Releases: tetherto/qvac
Release list
QVAC SDK v0.15.0
📦 NPM: https://www.npmjs.com/package/@qvac/sdk/v/0.15.0
QVAC SDK 0.15.0 introduces single-job batch completion for running many prompts through one loaded model, adds LavaSR speech enhancement and denoising to the TTS pipeline, and extends Chatterbox TTS to Japanese and Chinese. It also gives multimodal models explicit GPU/CPU control over the vision encoder and ships stability fixes for Android worklets, worker RPC teardown, registry caching, and symlinked installs.
New APIs
Single-Job Batch Completion
batchCompletion runs many prompts through a single loaded model in one job, streaming per-prompt deltas and returning ordered results. Each prompt can carry its own history, generation parameters, and optional per-prompt tools or MCP-sourced tools.
import {
batchCompletion,
loadModel,
LLAMA_3_2_1B_INST_Q4_0,
} from "@qvac/sdk";
const modelId = await loadModel({
modelSrc: LLAMA_3_2_1B_INST_Q4_0,
modelType: "llm",
modelConfig: { ctx_size: 4096, parallel: 4 },
});
const run = batchCompletion({
modelId,
prompts: [
{
id: "a",
history: [{ role: "user", content: "Reply with only APPLE." }],
generationParams: { temp: 0, predict: 16 },
},
{
id: "b",
history: [{ role: "user", content: "What's the weather in Paris?" }],
tools: [getWeatherTool], // optional per-prompt tools
generationParams: { temp: 0, predict: 64 },
},
],
});
for await (const { id, event } of run.events) {
if (event.type === "contentDelta") process.stdout.write(`[${id}] ${event.text}`);
}
const results = await run.results; // ordered, all-or-nothing on stream-level failure
const stats = await run.stats; // batch-level CompletionStats | undefinedGPU Placement for Multimodal Vision Encoders
Multimodal LLMs can now force the vision encoder (mmproj) onto the GPU or CPU explicitly via the mmproj-use-gpu config key.
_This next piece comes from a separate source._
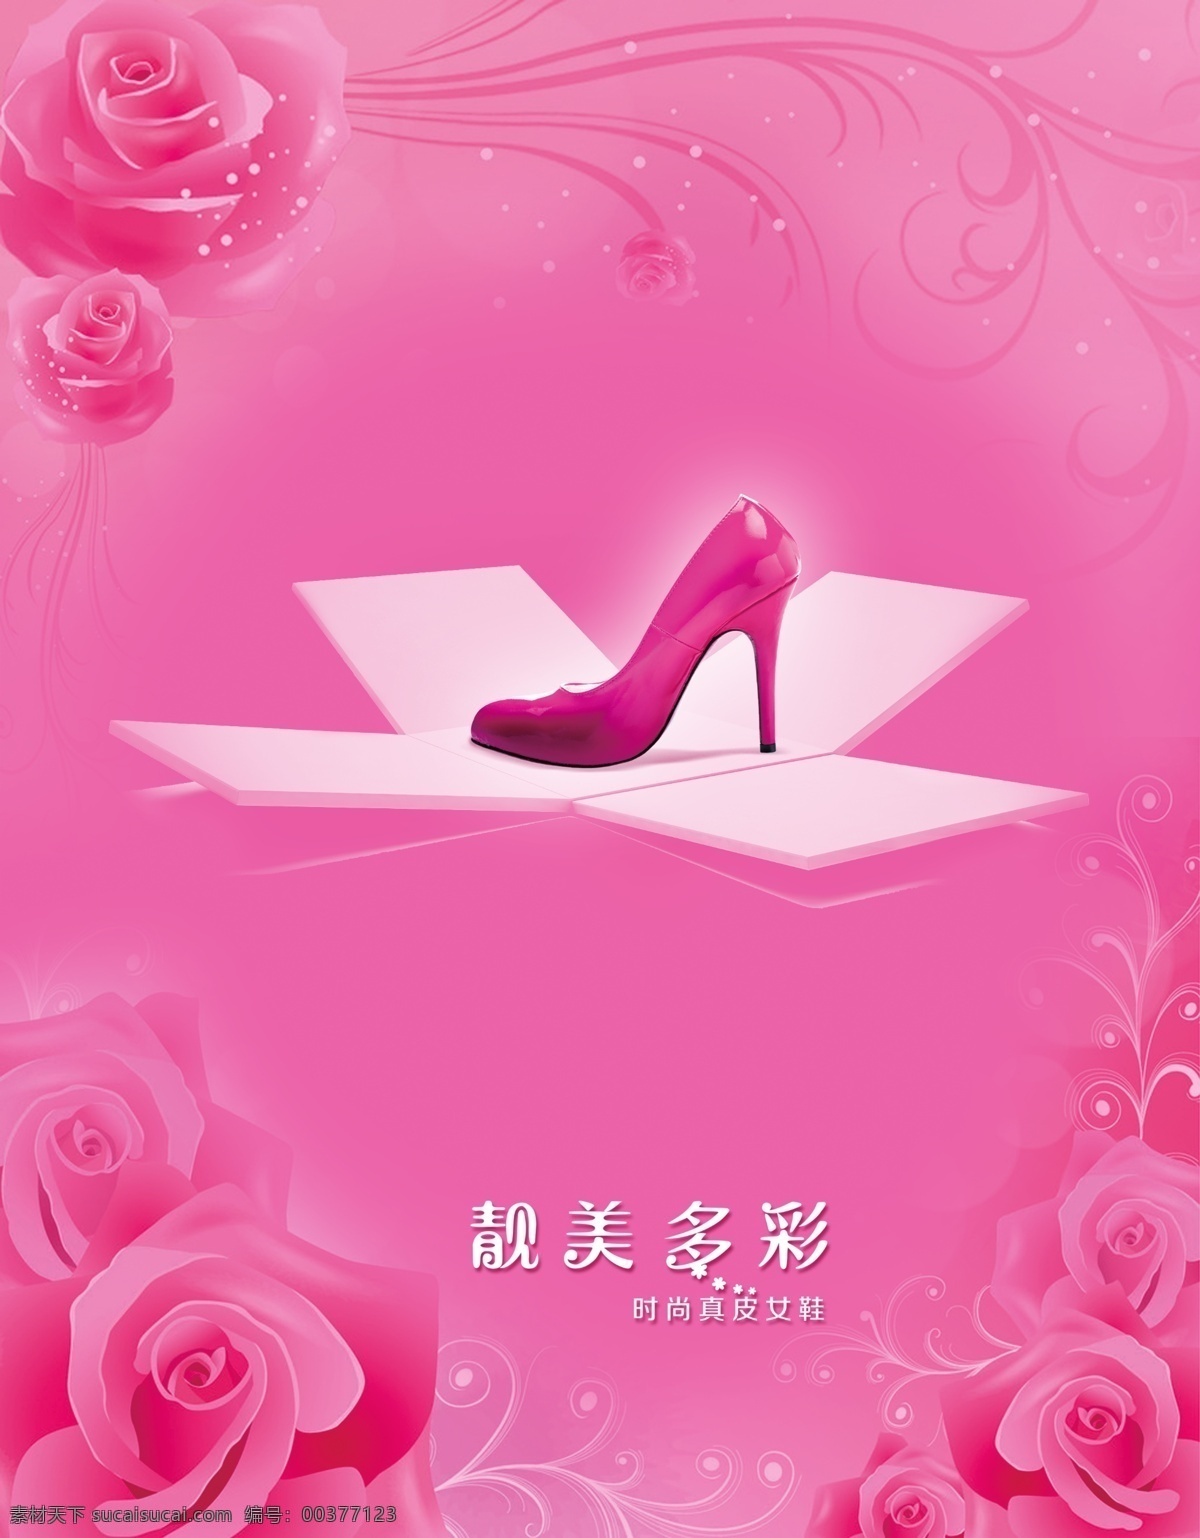 玫瑰 背景 鞋子 广告 粉红色背景 花 礼盒 靓美多彩 单鞋 女鞋广告 粉色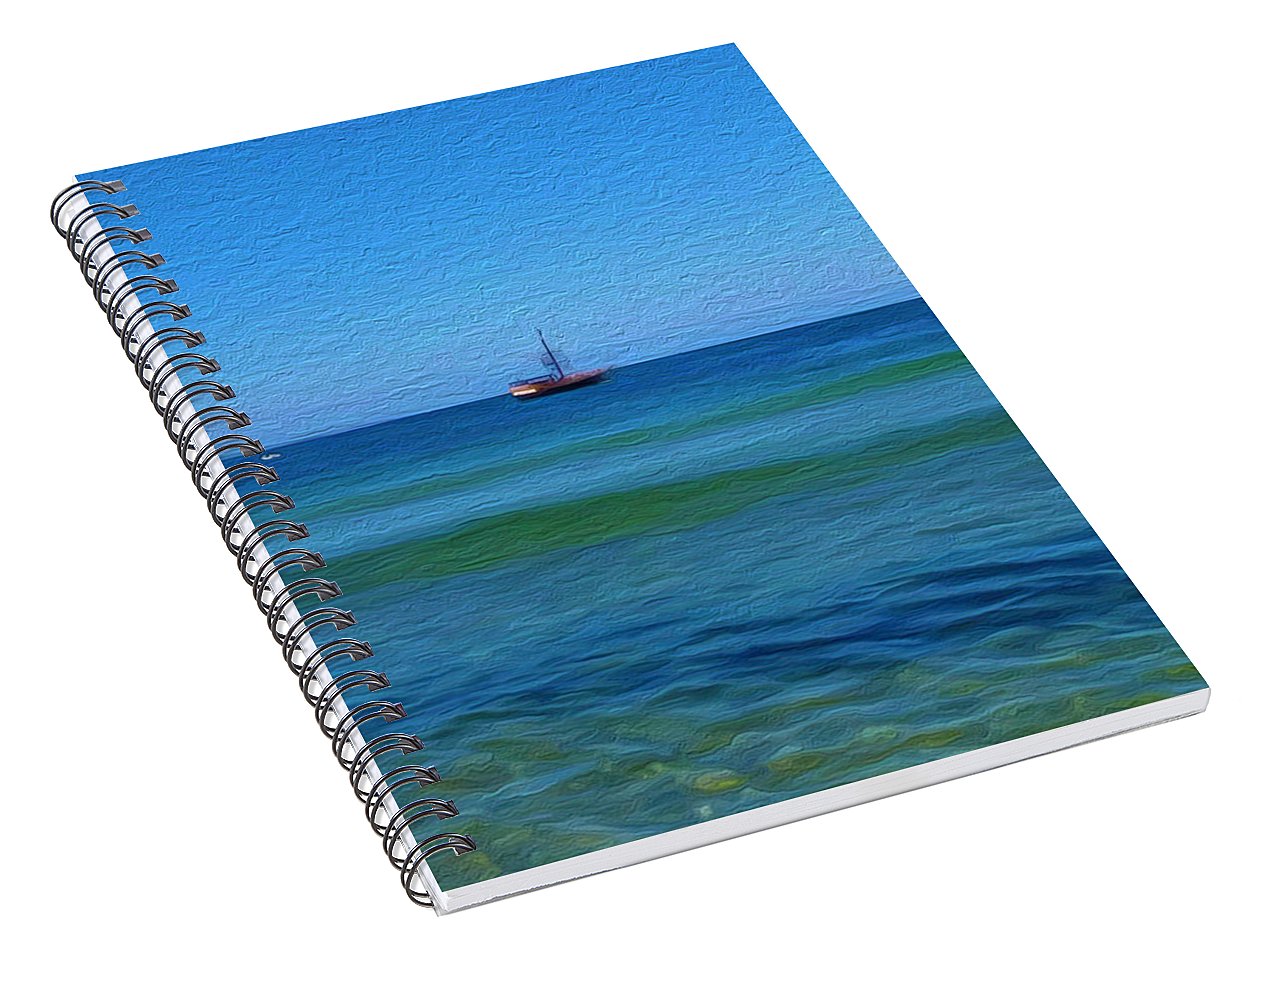 Pirate Ship, Oak Bluffs, MA - Spiral Notebook

Omit it to keep the previous per-device-class auto-selection.
await loadModel({
modelSrc: SMOLVLM2_500M_MULTIMODAL_Q8_0,
modelConfig: {
projectionModelSrc: MMPROJ_SMOLVLM2_500M_MULTIMODAL_Q8_0,
"mmproj-use-gpu": true, // true = GPU, false = CPU; omit to auto-select
},
});Features
LavaSR Speech Enhancement and Denoising for TTS
Supertonic TTS gains optional LavaSR post-processing: an enhancer and a denoiser that clean up generated audio. Both are opt-in via new load-time config keys, and Supertonic output can be resampled to a chosen rate.
await sdk.loadModel({
ttsEngine: "supertonic",
modelSrc: TTS_MULTILINGUAL_SUPERTONIC3_Q8_0.src,
// LavaSR post-processing (both optional)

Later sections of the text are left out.